Still Learning: The Dominance of Visa, Mastercard, and PayPal
Still Learning
These notes are from an excellent piece by Tae Kim at Barron's on the domination of Visa, Mastercard, and PayPal in digital payments.
Visa and Mastercard take an average of just 15 basis points (0.15%) per transaction. The merchant gets 98%, and the bank that issued the card keeps about 1.5%.
A take rate that low gives little incentive for other players in the value chain (i.e. the merchant or the bank) to try and displace Visa and Mastercard.

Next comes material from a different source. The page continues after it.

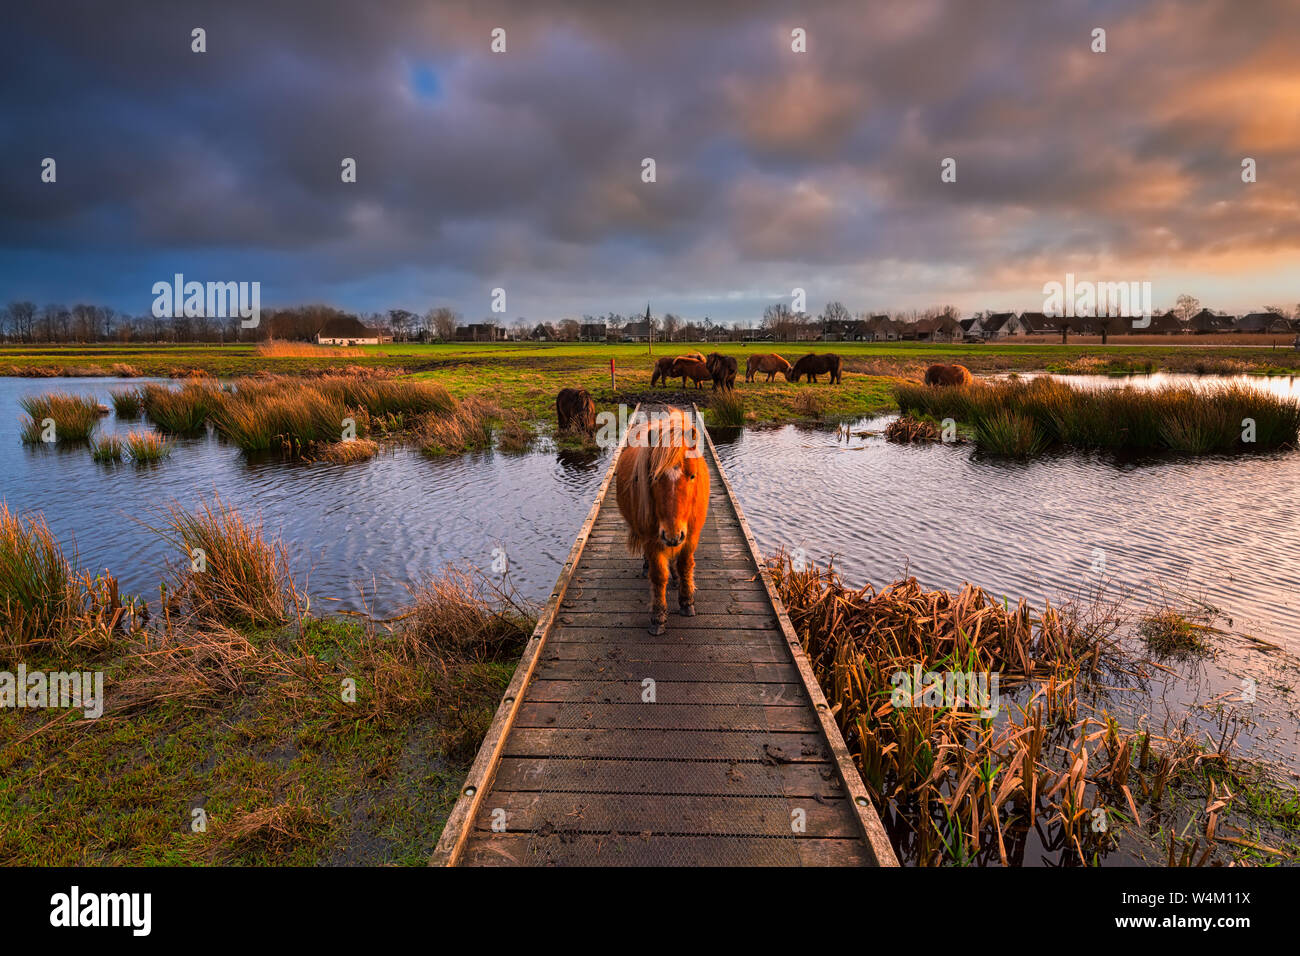 Un pony Shetland camminando su un molo su di un fiume in un bellissimo paesaggio naturale al tramonto con colori vibranti - Friesland, Paesi Bassi Foto Stock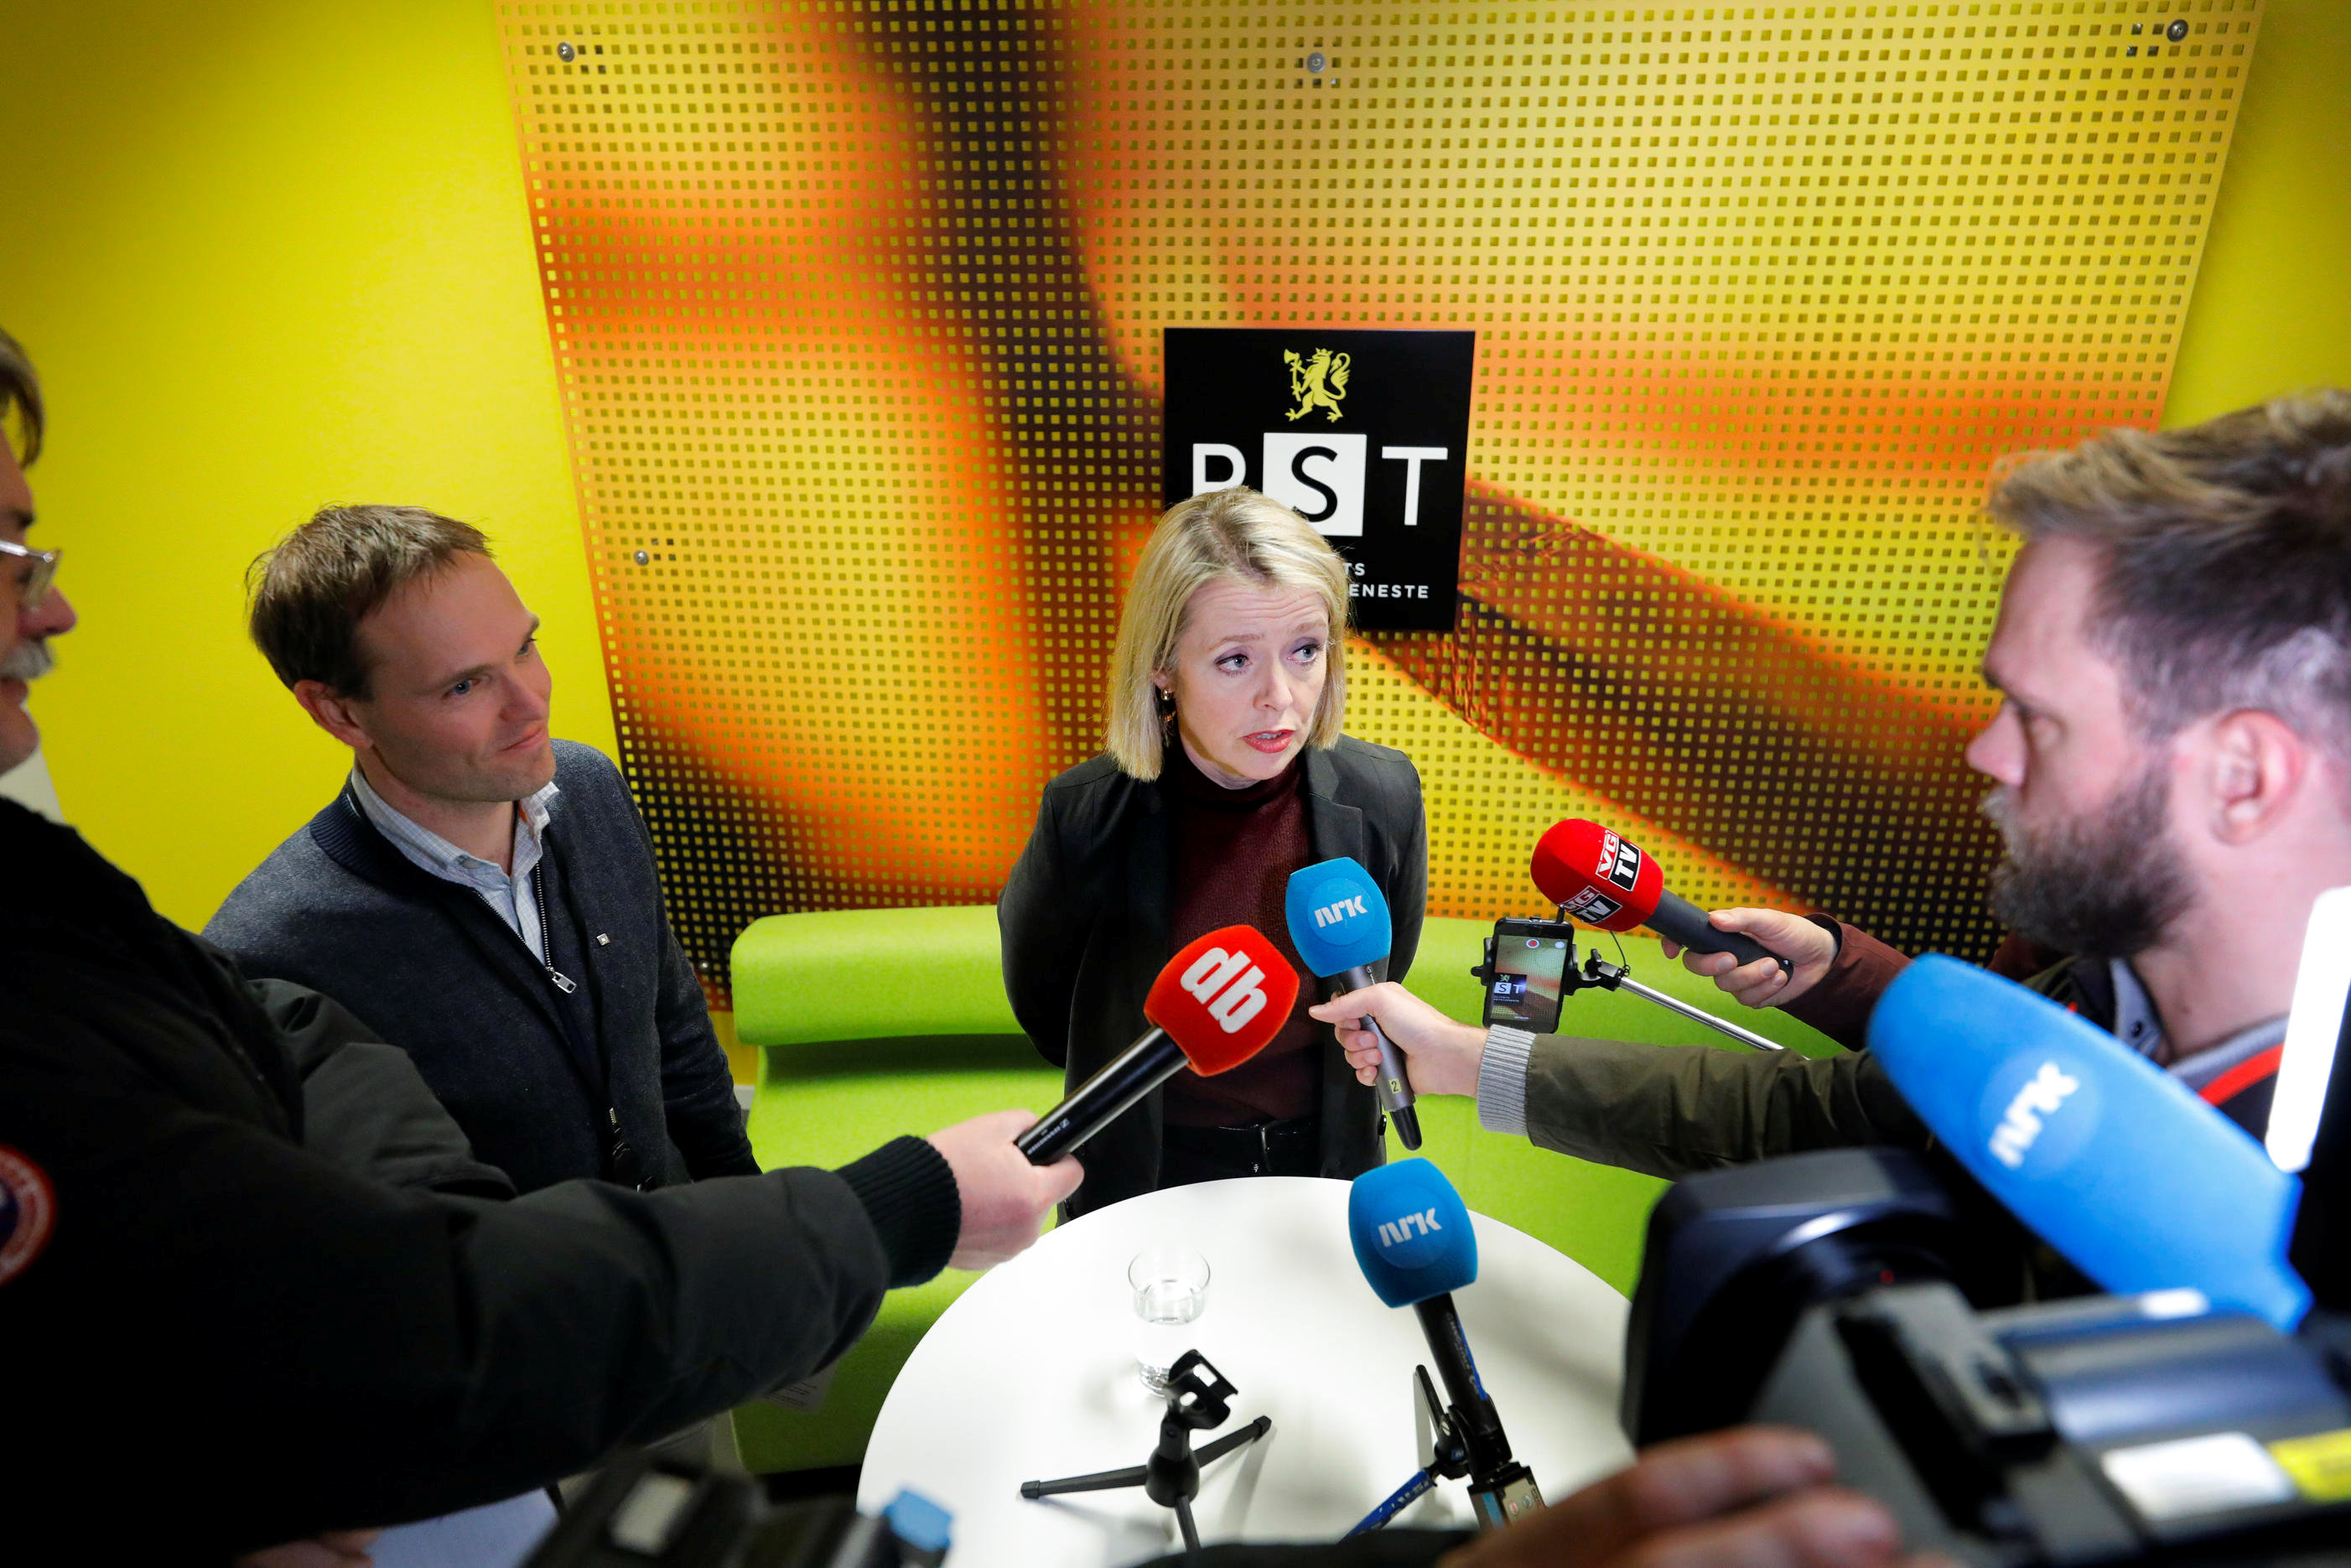 رئيسة جهاز الأمن الداخلي في النرويج بنديكت بورلاند خلال حديث صحافي حول عملية الطعن. رويترز

Bitcoin is not a viable competitor at this time. Bitcoin's network could handle about 7 transactions per second today vs. 65,000 per second by Visa.
For banks like Chase that issue the cards, just 20% of their credit card revenue comes from the transactions themselves. Instead, the cards act as a lead generator for future loans and related fees.
Nearly 80% of the top 500 internet retailers offer the PayPal checkout button as an option.
That is 7x more than its closest competitor, Amazon Pay, at 11%.
Checkout represents 70% of PayPal's payment volume and 85% of its revenue.
Note: PayPal also owns Venmo.
43% of global consumer purchases in 2018 were made on cards. In 2010, it was just 28%
In the UK, for example, 60% of all payments in 2008 were made with cash. Last year, that had fallen to 28%. By 2028, it's projected to be only 10%
Global purchase volume on cards can continue to grow at least 10% per year for 5-10 more years.
For Visa, outside the U.S., tap-to-pay is used for almost half of in-person transactions.
Note: tap-to-pay credit cards are expected to be rolled out by the major banks by the end of this year.